HDL Coder can generate target-specific HDL code with Xilinx LogiCORE ® IP. The Xilinx Floating-Point Operator core supports a set of floating-point arithmetic functions optimized for synthesis on Xilinx FPGAs. Mapping to the Xilinx FPGA target-specific floating-point library enables you to synthesize your floating-point design without requiring floating-point to fixed-point conversion. This approach offers several advantages:

  • Reduces the loss of data precision
  • Enables modeling of a wider dynamic range
  • Saves time by skipping a step during code generation

Program Xilinx FPGAs Using HDL Coder with Xilinx System Generator for DSP

HDL Coder supports code generation for Simulink models constructed with a combination of blocks from Simulink and Xilinx-specific blocksets from System Generator for DSP. The System Generator Subsystem block in HDL Coder enables you to include models built with System Generator in Simulink as subsystems. HDL Coder uses System Generator to generate code from the subsystem blocks and integrates the complete design into synthesizeable HDL.

This approach enables you to:

  • Use HDL Coder area and speed optimizations for Simulink components.
  • Leverage Xilinx-optimized blocks in System Generator.
  • Reuse legacy models built with Xilinx-specific blocks for simulation and code generation.

Program Xilinx FPGAs Using Xilinx Model Composer and Simulink

Model Composer is designed as an add-on to Simulink and offers bit-accurate Xilinx-optimized blocks. It includes application-specific blocks for computer vision and image processing, and functional blocks for math, linear algebra, logic, and bit-wise operations, among others. You can focus on expressing algorithms using both Xilinx Model Composer library blocks and custom user-imported blocks without worrying about implementation specifics. You can also leverage Simulink’s graphical environment for algorithm design, simulation, and functional verification. Model Composer then transforms your algorithmic specifications to production-quality IP through automatic optimizations that extend the Vivado High-Level Synthesis technology.

Program Xilinx Zynq SoC Devices with Embedded Coder and HDL Coder

With Model-Based Design, design teams can simulate models for complete systems and use C/C++ and HDL code generation from Simulink to target Xilinx Zynq All Programmable SoC devices, which offer combination of ARM® Cortex®-A cores along with the programmable logic of a conventional Xilinx FPGA.

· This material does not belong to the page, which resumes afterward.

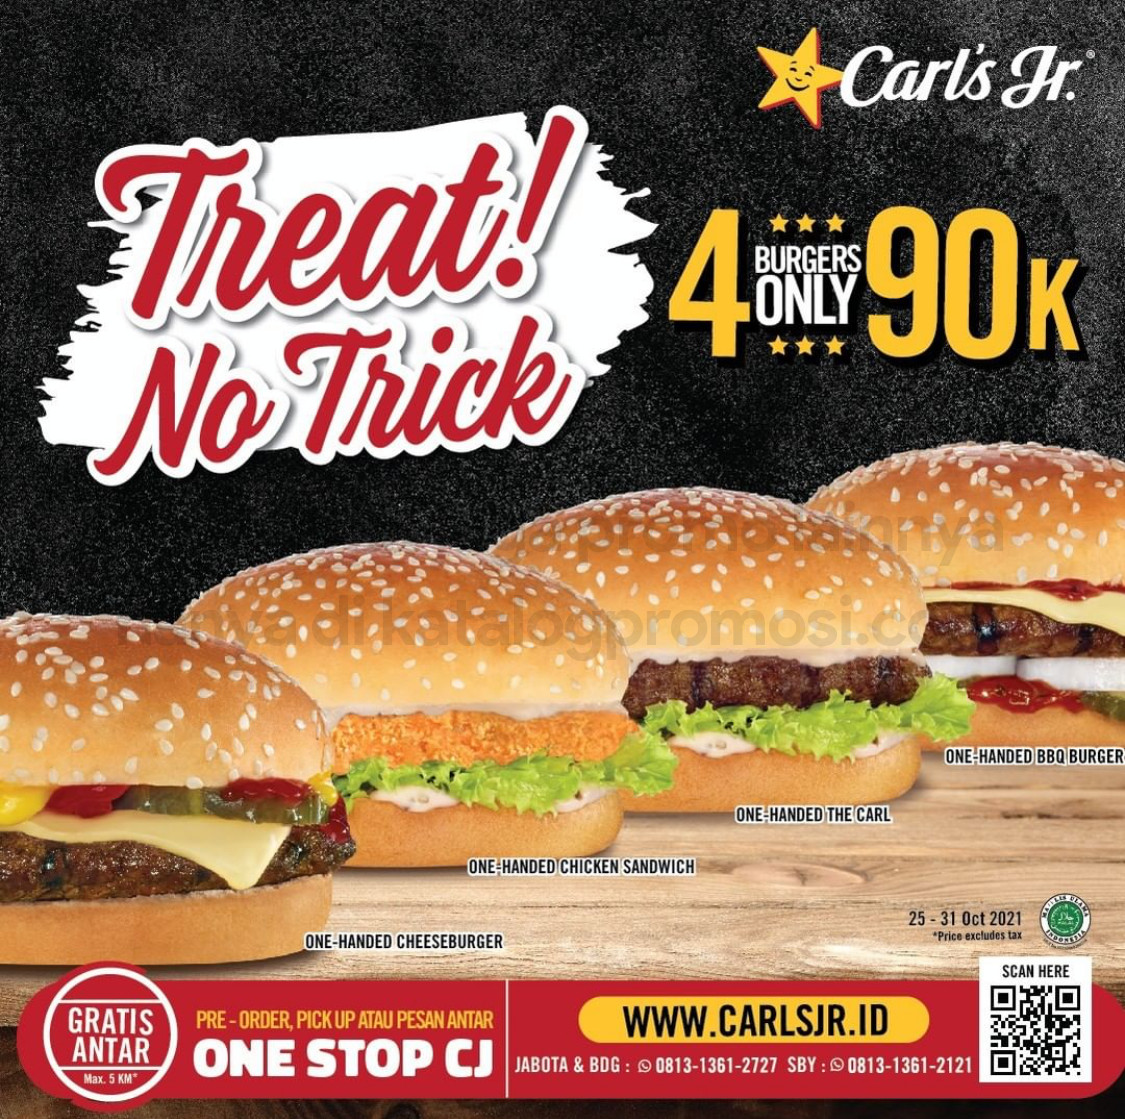 Carls Jr Promo 4 For 90K - Paket 4 Burger Hanya Rp 90.000,-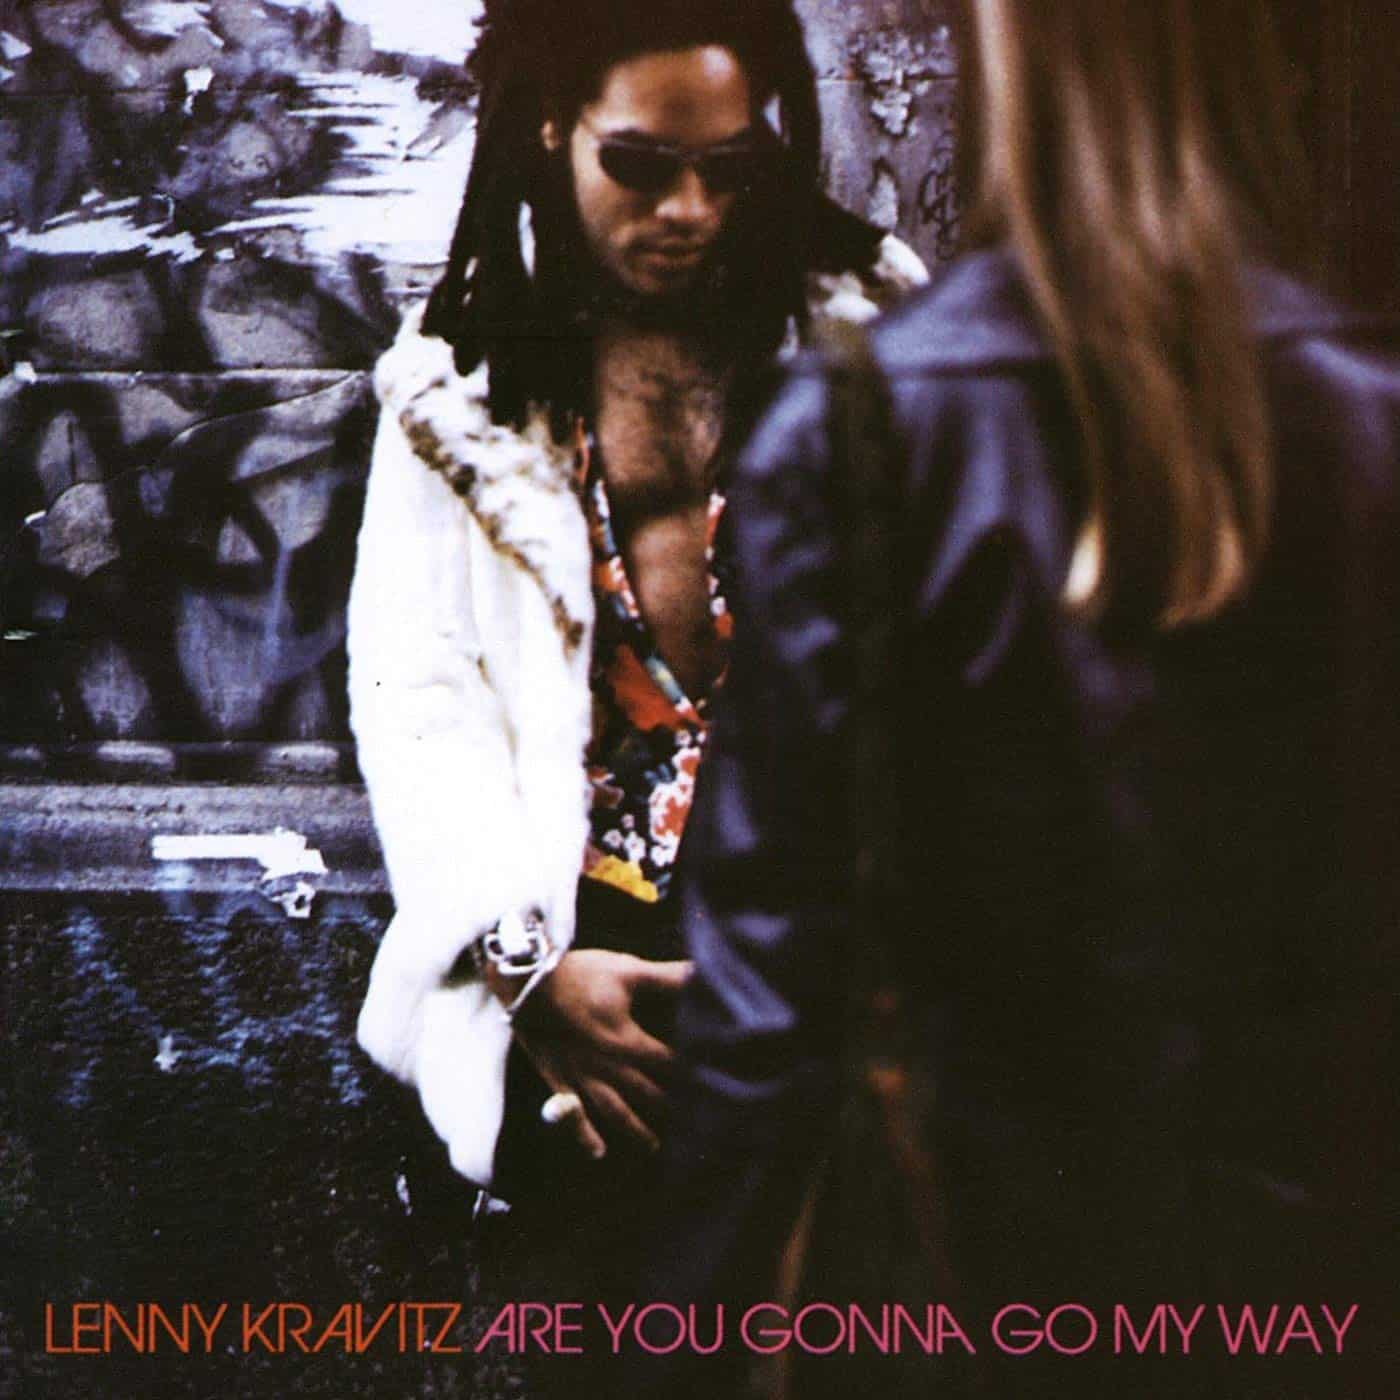 Lenny-Kravitz-Are_You-Gonna-Go-My-Way-vinyl-record

In this hardware-software workflow, you generate C/C++ with Embedded Coder® for your software model, and can use HDL Coder to generate Verilog and VHDL to produce IP cores from your hardware model. Using optimizations provided with the coders, you customize generated code for your target Zynq SoC. For example, you can use resource sharing and distributed pipelining from HDL Coder to improve the efficiency of your FPGA implementation. Similarly, you can use configuration options and processor-specific optimizations provided with Embedded Coder to improve MCU and DSP execution performance on ARM Cortex-A cores. For NEON™-optimized code for DSP filters, you can use the ARM Cortex-A Ne10 Library Support from DSP System Toolbox.

Using Embedded Coder and HDL Coder support packages for Zynq, you integrate generated C/C++ and HDL code into your implementation, use Xilinx Vivado or ISE for synthesis and place and route, and target your selected SoC. Fully automated workflows are available for supported Zynq boards, and address applications such as motor control, video/image processing, and software-defined radio.

Verify Xilinx FPGAs Using HDL Verifier

With HDL Verifier, you can verify code using your MATLAB or Simulink model as a system-level test bench and cosimulating generated code with HDL simulators from Mentor Graphics® or Cadence®. You can perform FPGA-in-the-loop verification using your model again as a system-level test bench and executing generated code on actual Xilinx FPGA boards.

HDL Coder and HDL Verifier provide an integrated environment for generating, programming, and verifying HDL implementations for FPGAs.